Equipment and Preparation
One of my favourite past times is to go out and just take photos. I probably put in a little planning before deciding on a destination, but it doesn’t have to be some complex journey. On one occasion I just walked from my house to the city centre, taking photos as I went. Roadtrips are good, and traipsing along country paths. The great thing about photography is that location is easy, because you can take photographs anywhere.
It has been a while since I was out taking photos, and I’d planned for a little while to go out one afternoon and take some film shots. Wanting more of a challenge, I opted for a point and shoot camera, my Yashica MF-2 Super. The benefits of this camera are its limited controls. Shutter speed is constant. The aperture only alters depending on whether the flash setting is selected or not. The lens is fixed, so there’s no control over depth of field. The best control I have is the ISO of the film.
I used two rolls of film in the end. One I picked by accident (good lesson to check the film first); a 100 ISO Perutz film (probably expired). I used this first while there was more light. The second was a 400 ISO film – an Agfa black and white roll. I also brought a 3200 ISO Ilford roll, but time had moved on before I got to use it. Next time maybe.
I brought my Olympus EM-1 purely as a light meter, but after examine some basic light variations (indoors, outdoors, in shadow) I didn’t use it at further.
Using the Light
I started shooting mid-afternoon, meeting up with my friend Tim at Perth CBD. No route was established, so we were left at the mercy of available light depending on where we wandered. It was a bright day, but being in the middle of a city meant lots of shadow and pockets of places with little light. It’s a frustrating thing to see good opportunities lost because you know the light isn’t good enough. Many times I just knew not to bother.
The benefit of this frustration was that it made me think much more about the relationship between light and shadow in my pictures. I could make determinations about the shot without having to think about the settings on the camera. This gave me more focus (forgive the pun) on the composition itself.
In terms of composition, I had free reign within the limitations of the camera. Digital cameras can be almost too liberating in that respect. Don’t get me wrong, you need that flexibility for so many shots, but there’s always the risk that the photo becomes the settings, not the composition. It helped me see the city in better terms, and think more about the unusual qualities of urban landscape. Not having any idea what the final image will look like was also liberating, because it meant I didn’t develop anxiety of getting the ‘right shot’.

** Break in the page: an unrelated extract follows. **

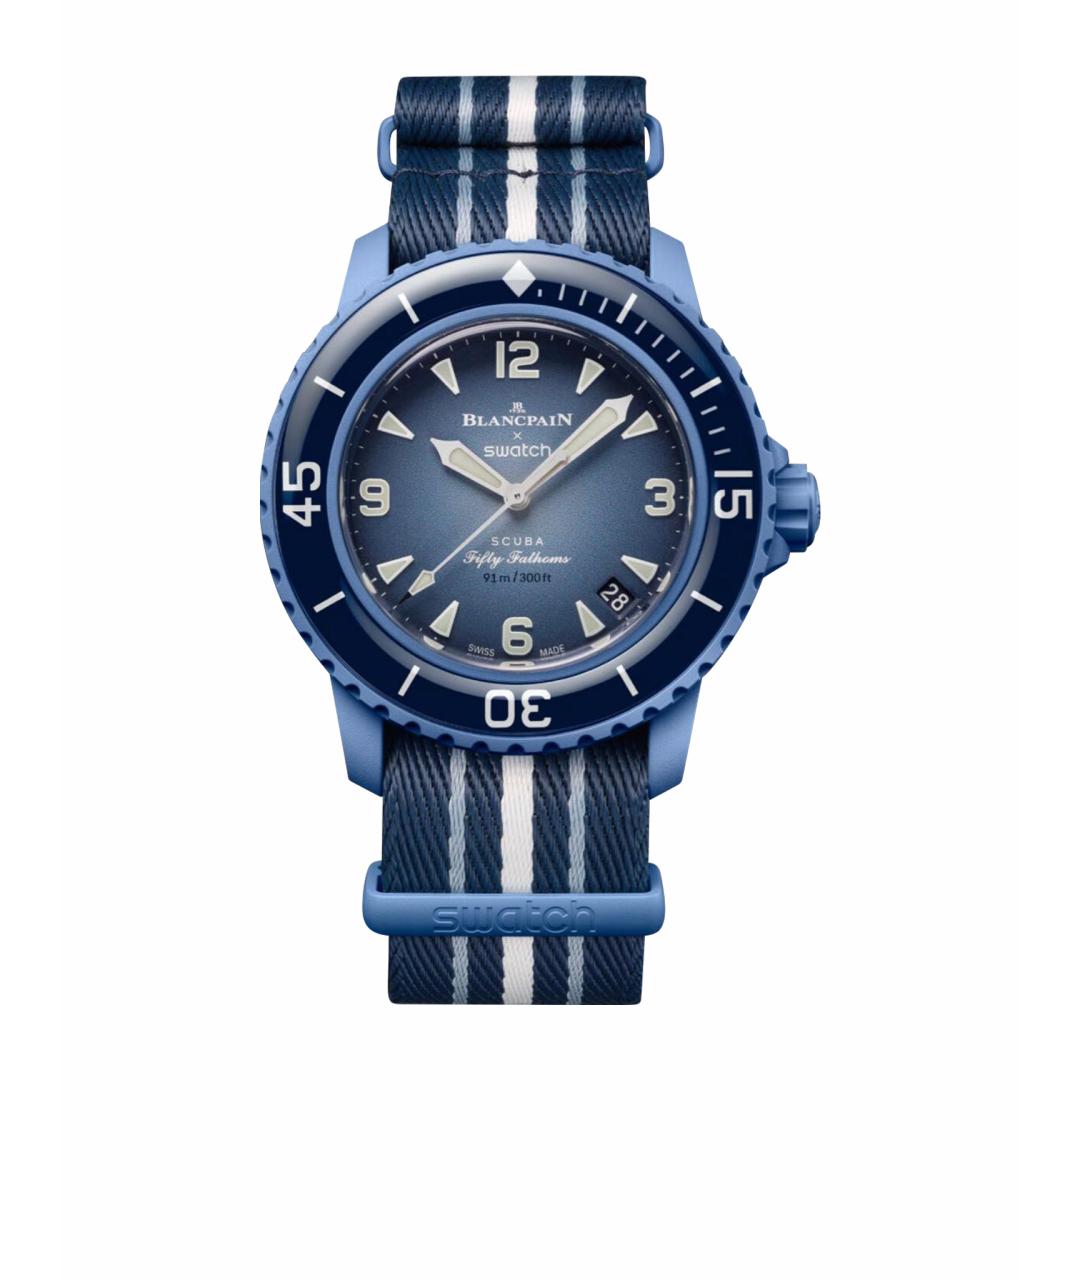 Blancpain Синие керамические часы, фото 1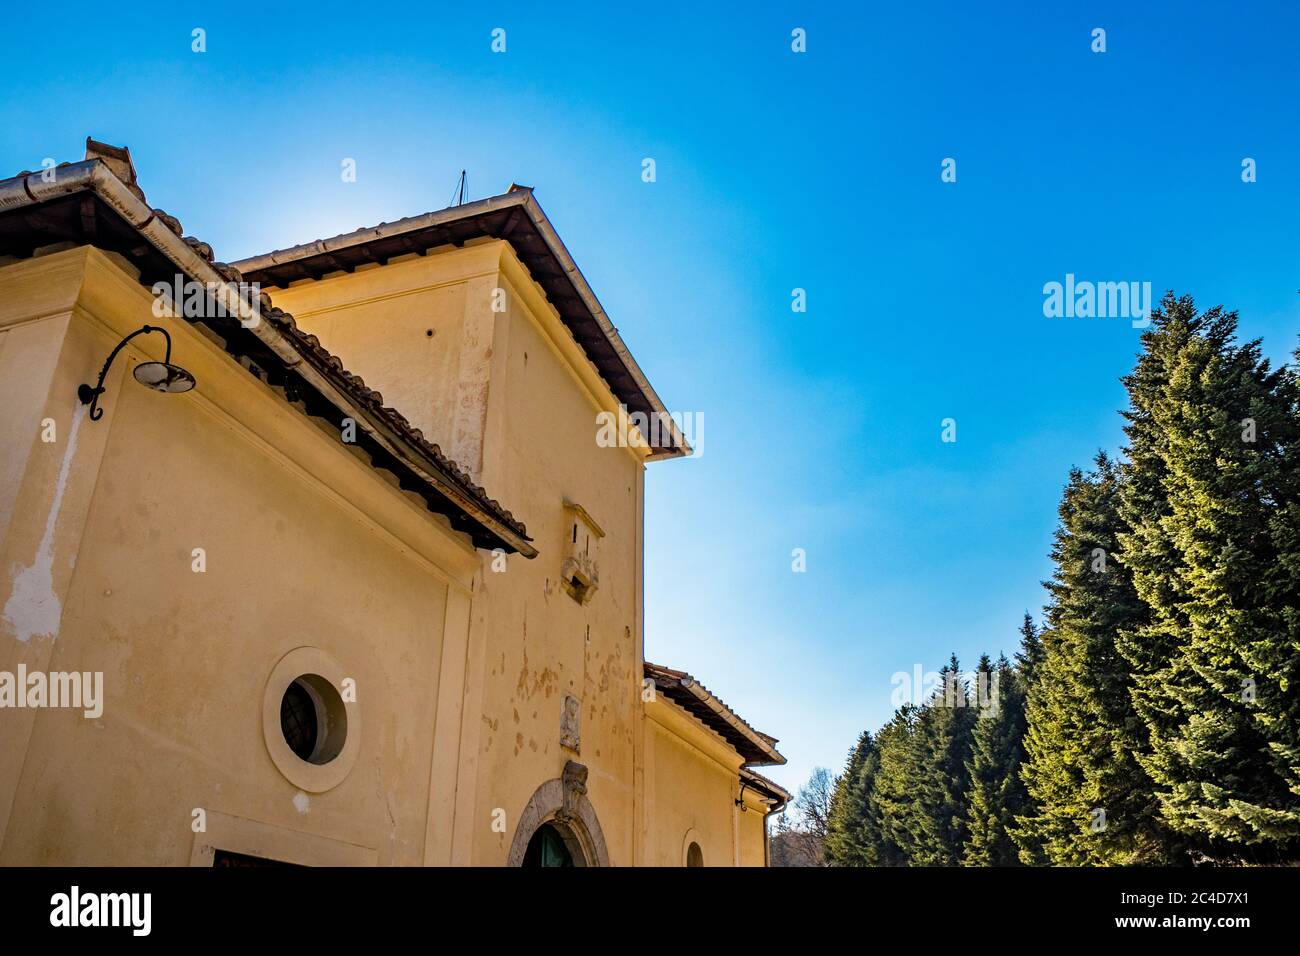 Trisulti Charterhouse is a former Carthusian e Cistercian monastery, in Collepardo, province of Frosinone, Lazio, central Italy. The entrance to the a Stock Photo

I’ve gone on more solo photo trips than I care to remember, but it was beneficial to have someone else around. Not only is Tim good company in general, but he’s a great photographer. I’ve tried to apply the social norm of not stealing other people’s shots on these kind of trips. What this means is that if someone sees a shot they think is interesting and distinctive, you don’t then try to take the exact same shot. It’s quite annoying to have another photographer come up and take the exact same image that you spotted.
In this way, having Tim around made me think more. Sometimes he would spot something and that meant I had to move on and look elsewhere. Rather than get frustrated by this, I used it as an opportunity for ‘what else can I find’ mentality. In other words, it forced me to look harder for a good opportunity and experiment a bit more.
As I write this I have no idea what the images look like. I’ve linked to my photography blog some iPhone shots I took, to give you an idea of the type urban terrain we had at our disposal. When I get the images back I can look in more depth at how they came out. With 60 shots to pick from surely a few will be ok at the very least.
Regardless, I had fun. It was great to free myself from the complexities of which lens, aperture, shutter speed, and think about really makes a good shot. More than that, it was just an enjoyable experience all round, taking photos for the sake taking photos, and enjoying the freedom that can come from limitation. In photography, whatever doesn’t kill you sets you free.